> Given information:
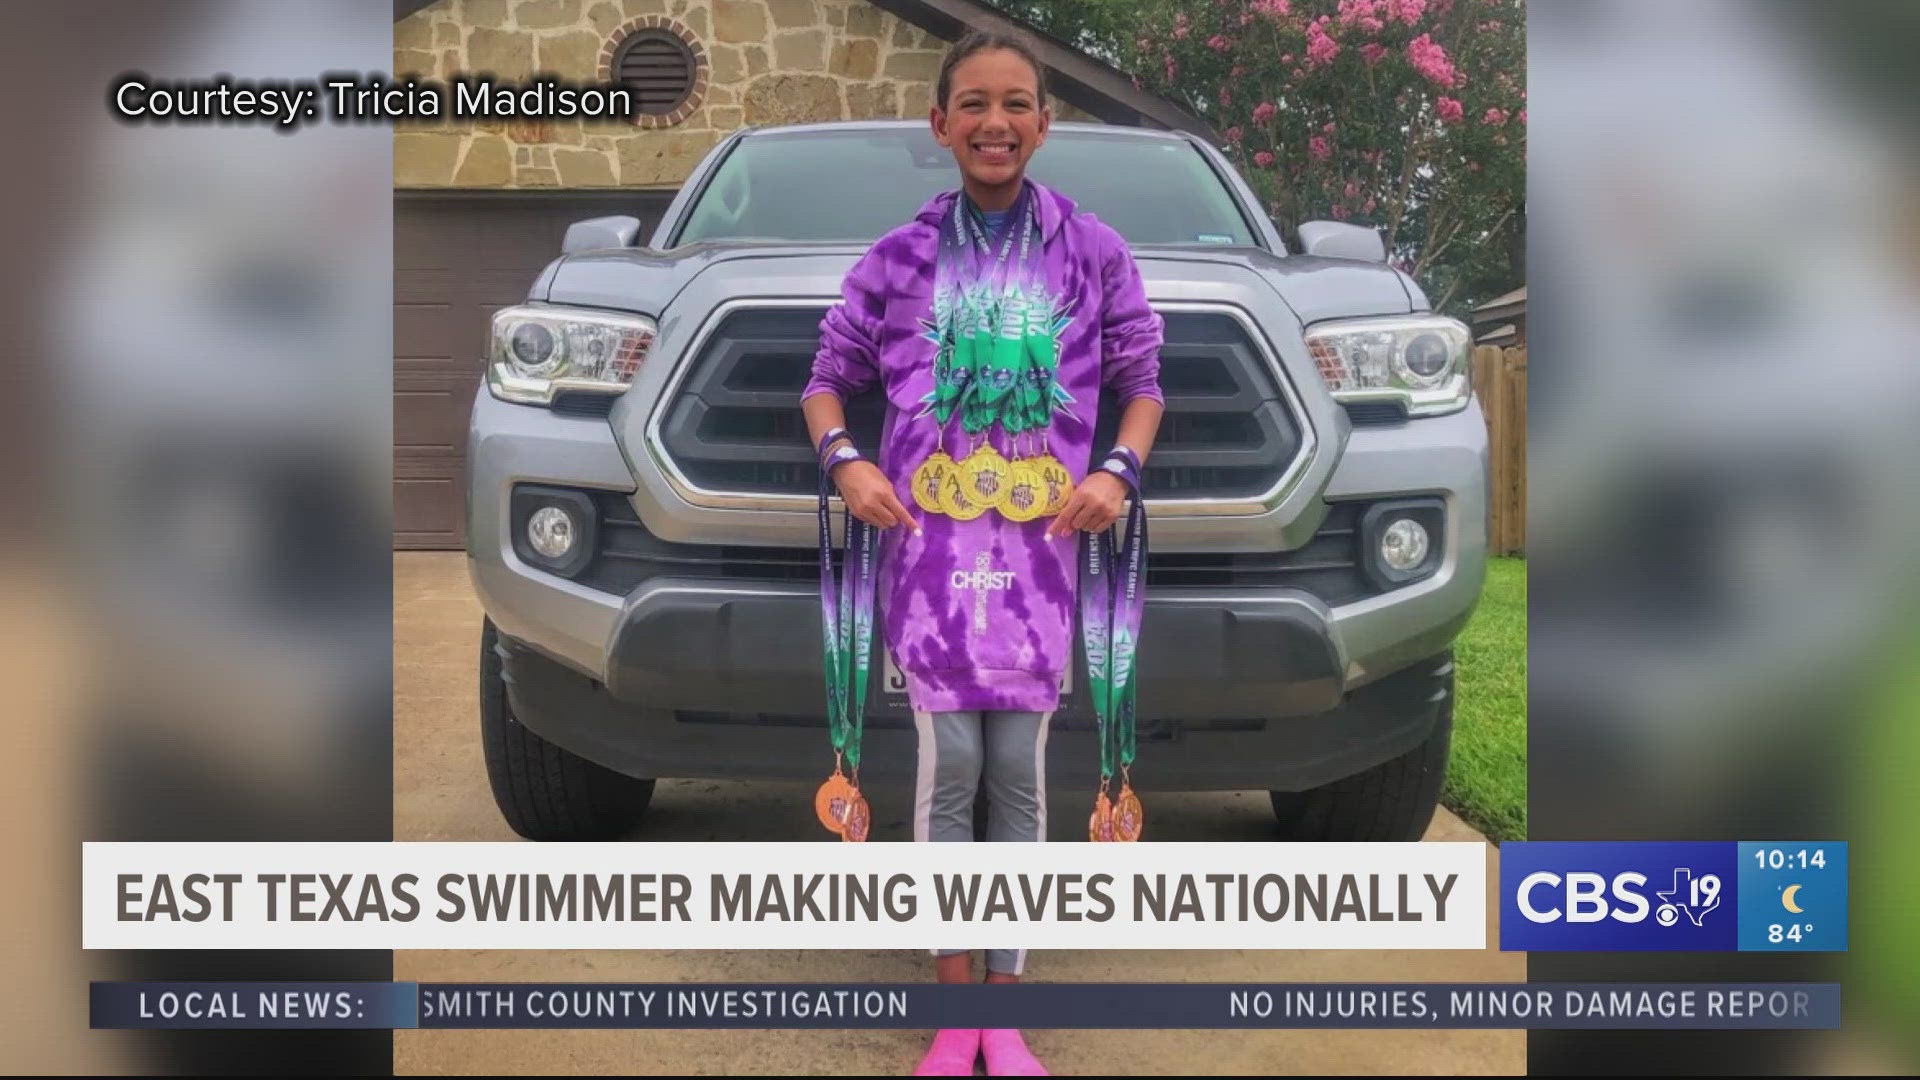 Aubree Madison participated in six individual events, and despite competing in some groups as big as 118 swimmers, she came in first place in every single one.
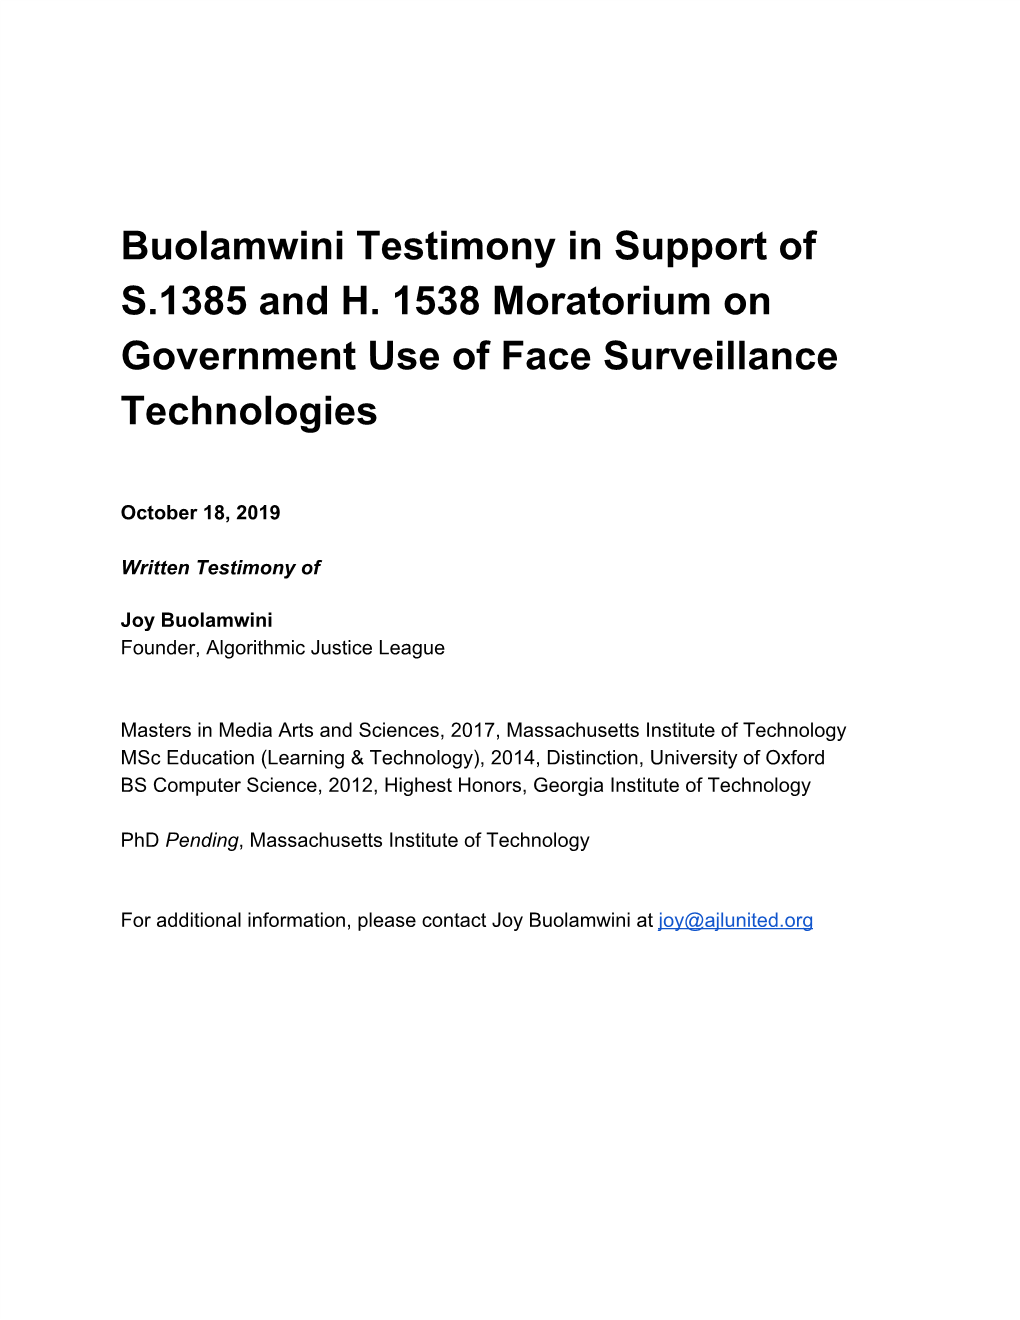 Buolamwini Testimony in Support of S.1385 and H. 1538 Moratorium on Government Use of Face Surveillance Technologies
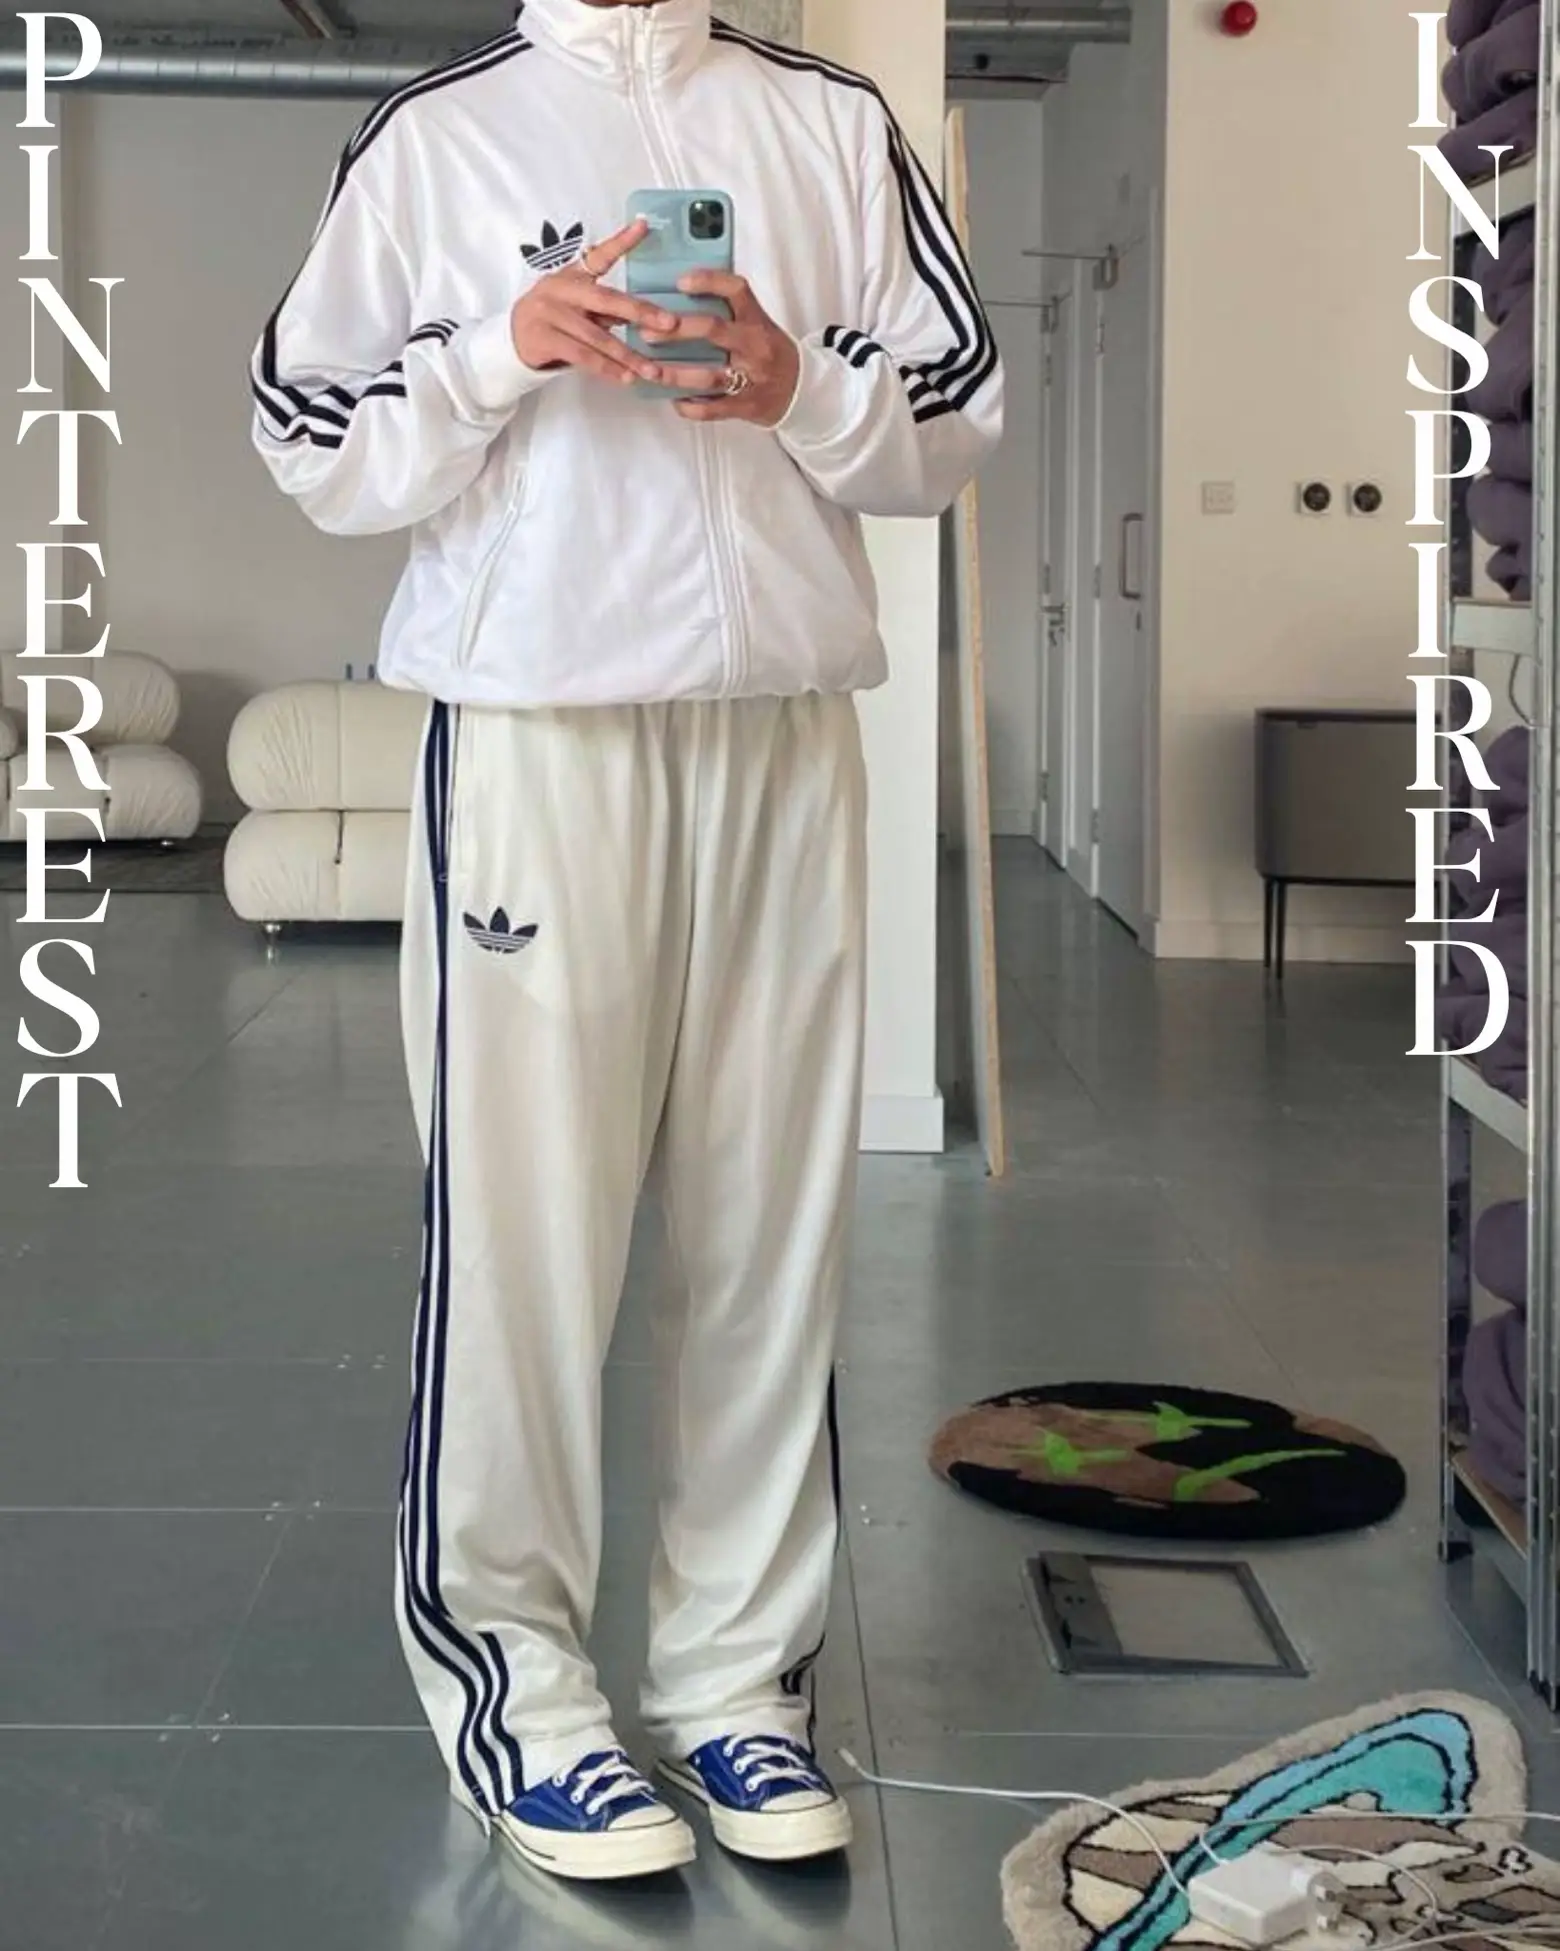 Adidas Pants Outfit Ideas  Outfits With Adidas Pants #Adidas

> Task details:
Pictures aside, please output the whole listing exactly as it appears above.

> Solution for this exercise:
 Aubree Madison participated in six individual events, and despite competing in some groups as big as 118 swimmers, she came in first place in every single one.
 Buolamwini Testimony in Support of S.1385 and H. 1538 Moratorium on Government Use of Face Surveillance Technologies
 Adidas Pants Outfit Ideas  Outfits With Adidas Pants #Adidas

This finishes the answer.